== SOURCE MATERIAL ==

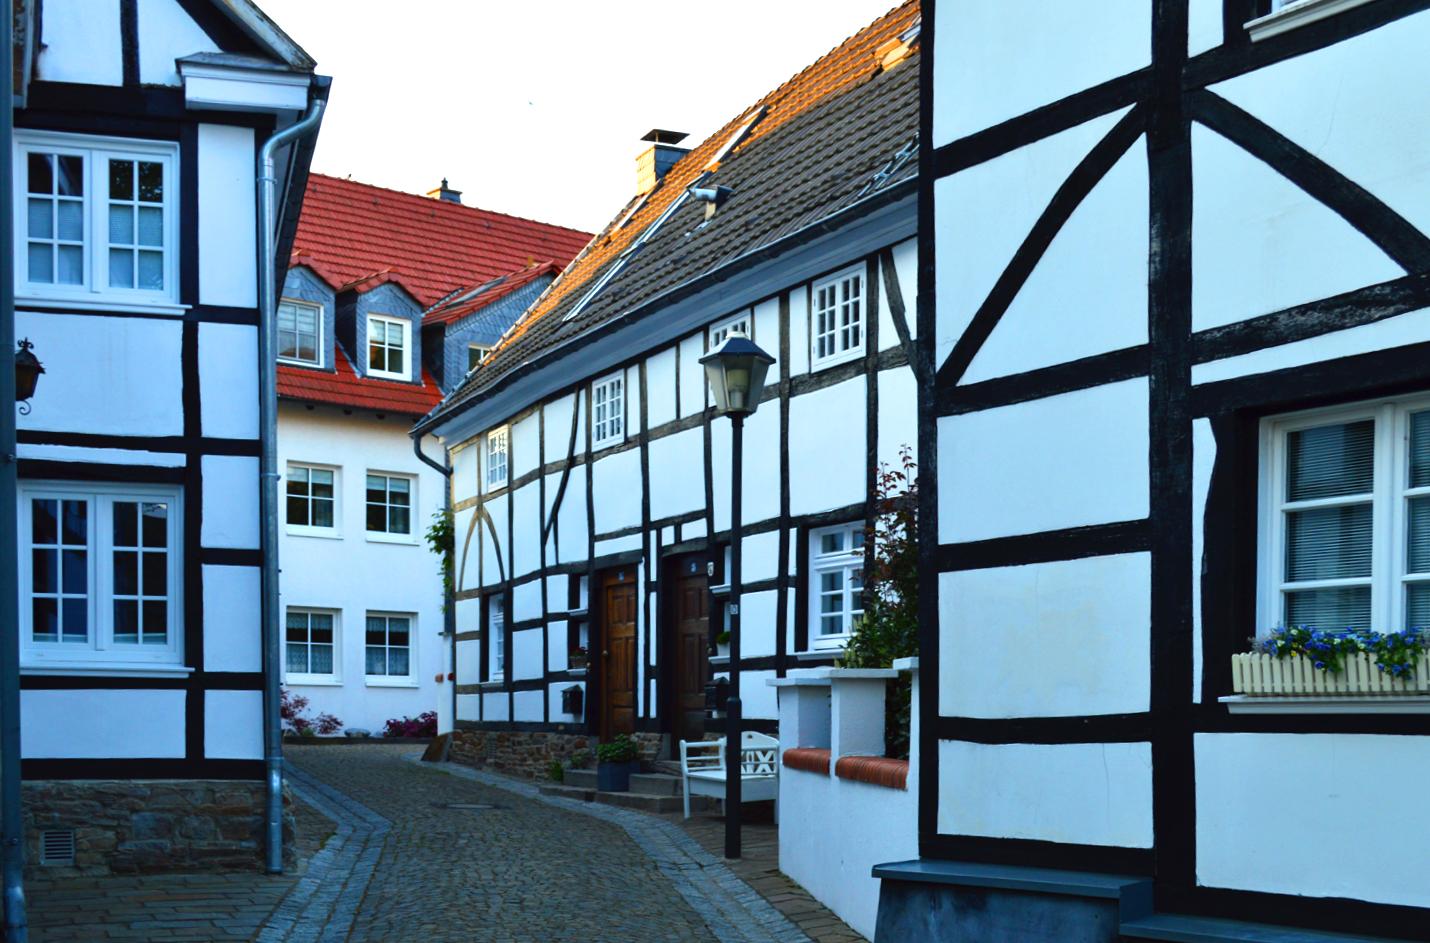 Kettwig street
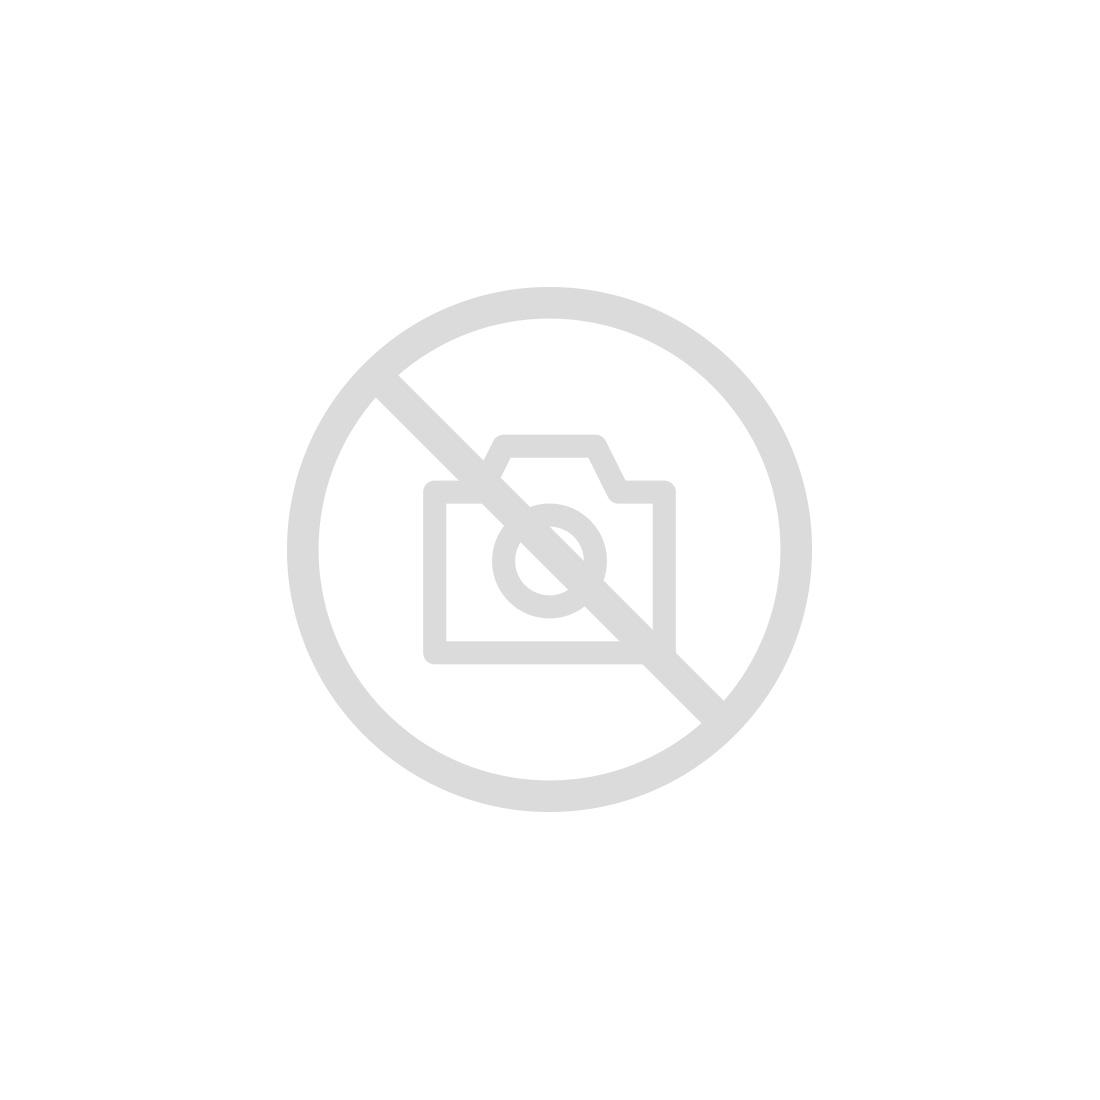 Kanex World Plug Adapter with 2-Port USB - Black
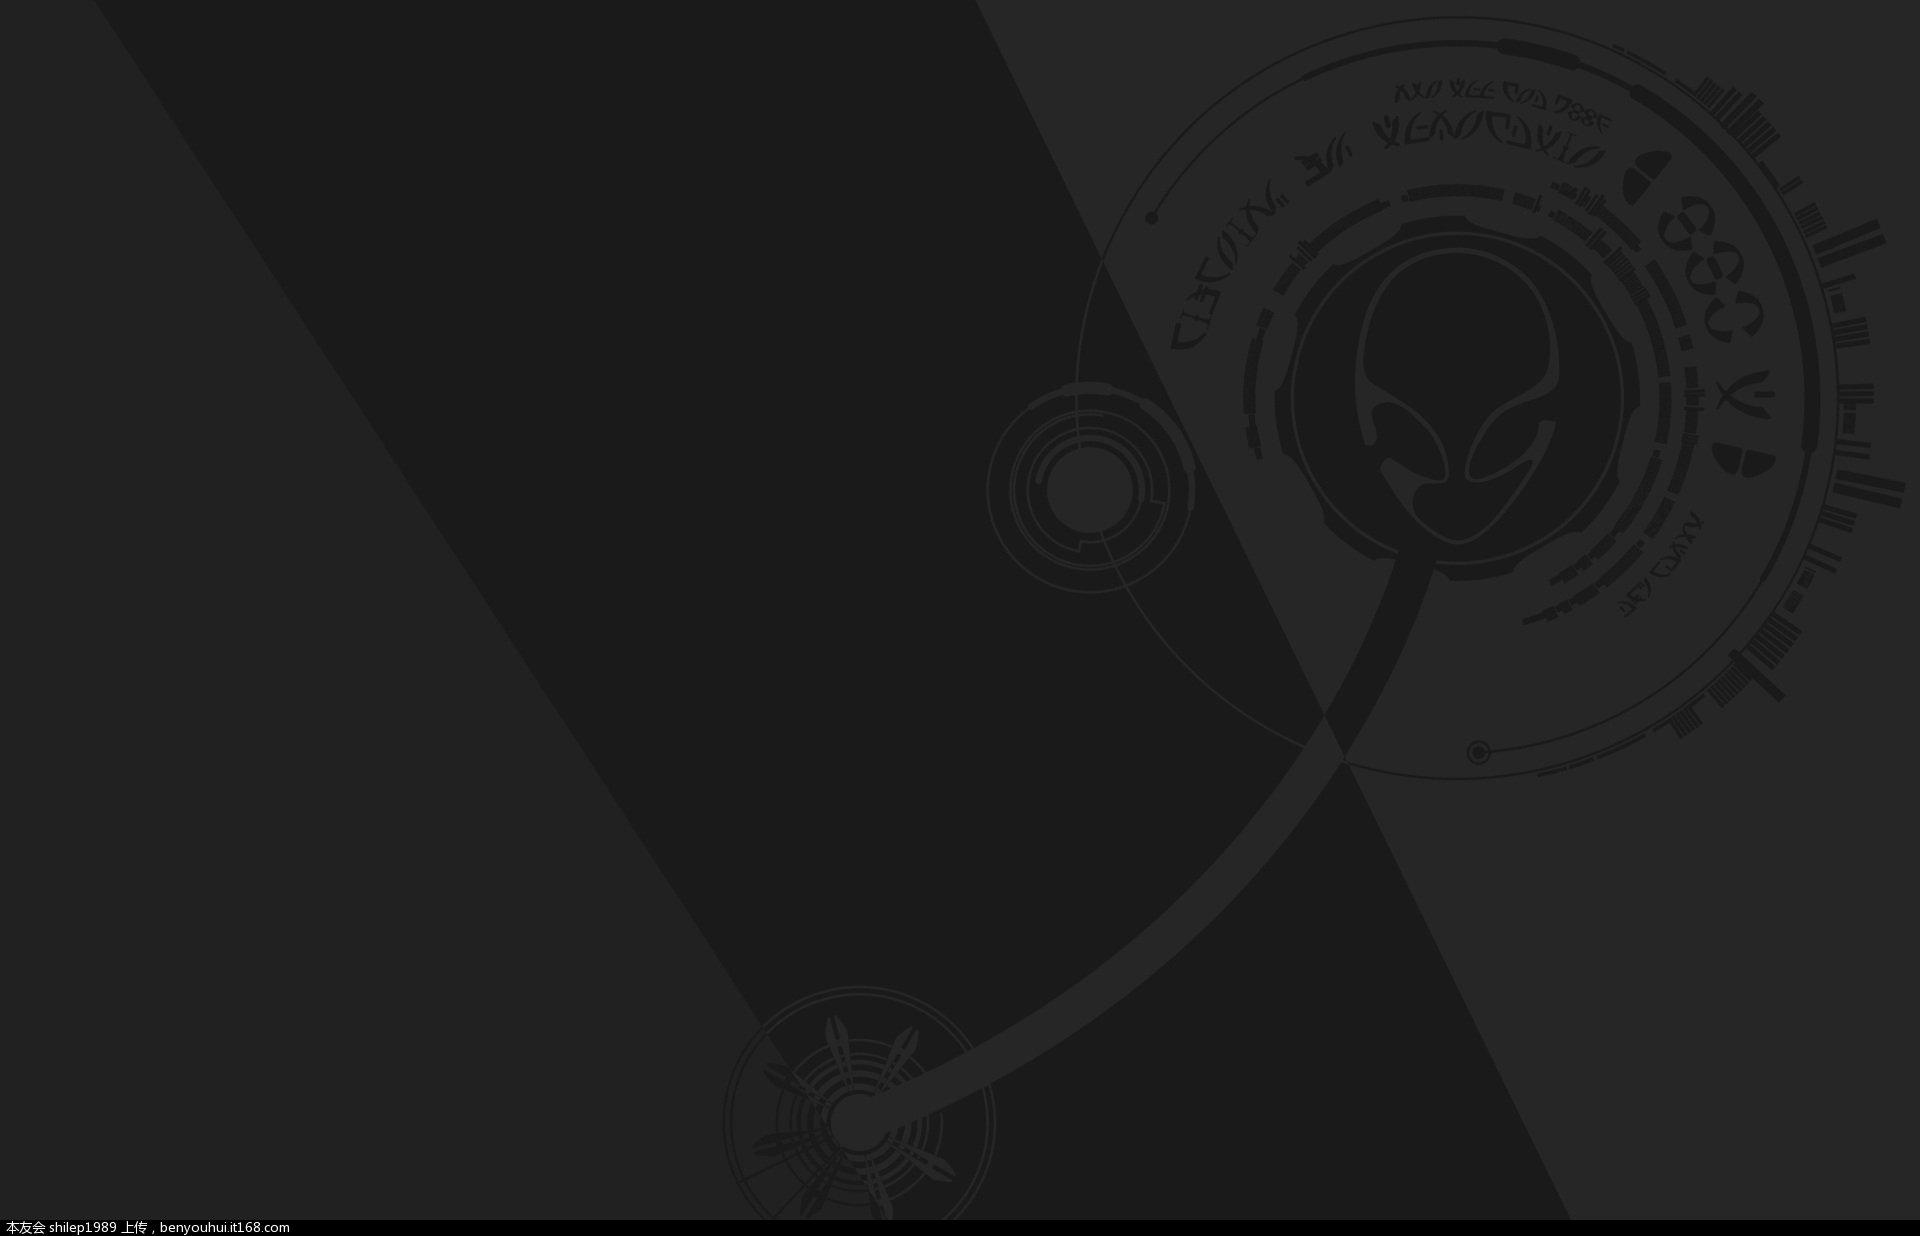 【theme】外星人主题_戴尔外星人论坛

===

*TASK TO CARRY OUT*:
Skip every picture and retype only the lines from the line with "Kanex World Plug" through the last line of the listing, both ends included, exactly as they appear.

*EXERCISE SOLUTION*:
 Kanex World Plug Adapter with 2-Port USB - Black
 【theme】外星人主题_戴尔外星人论坛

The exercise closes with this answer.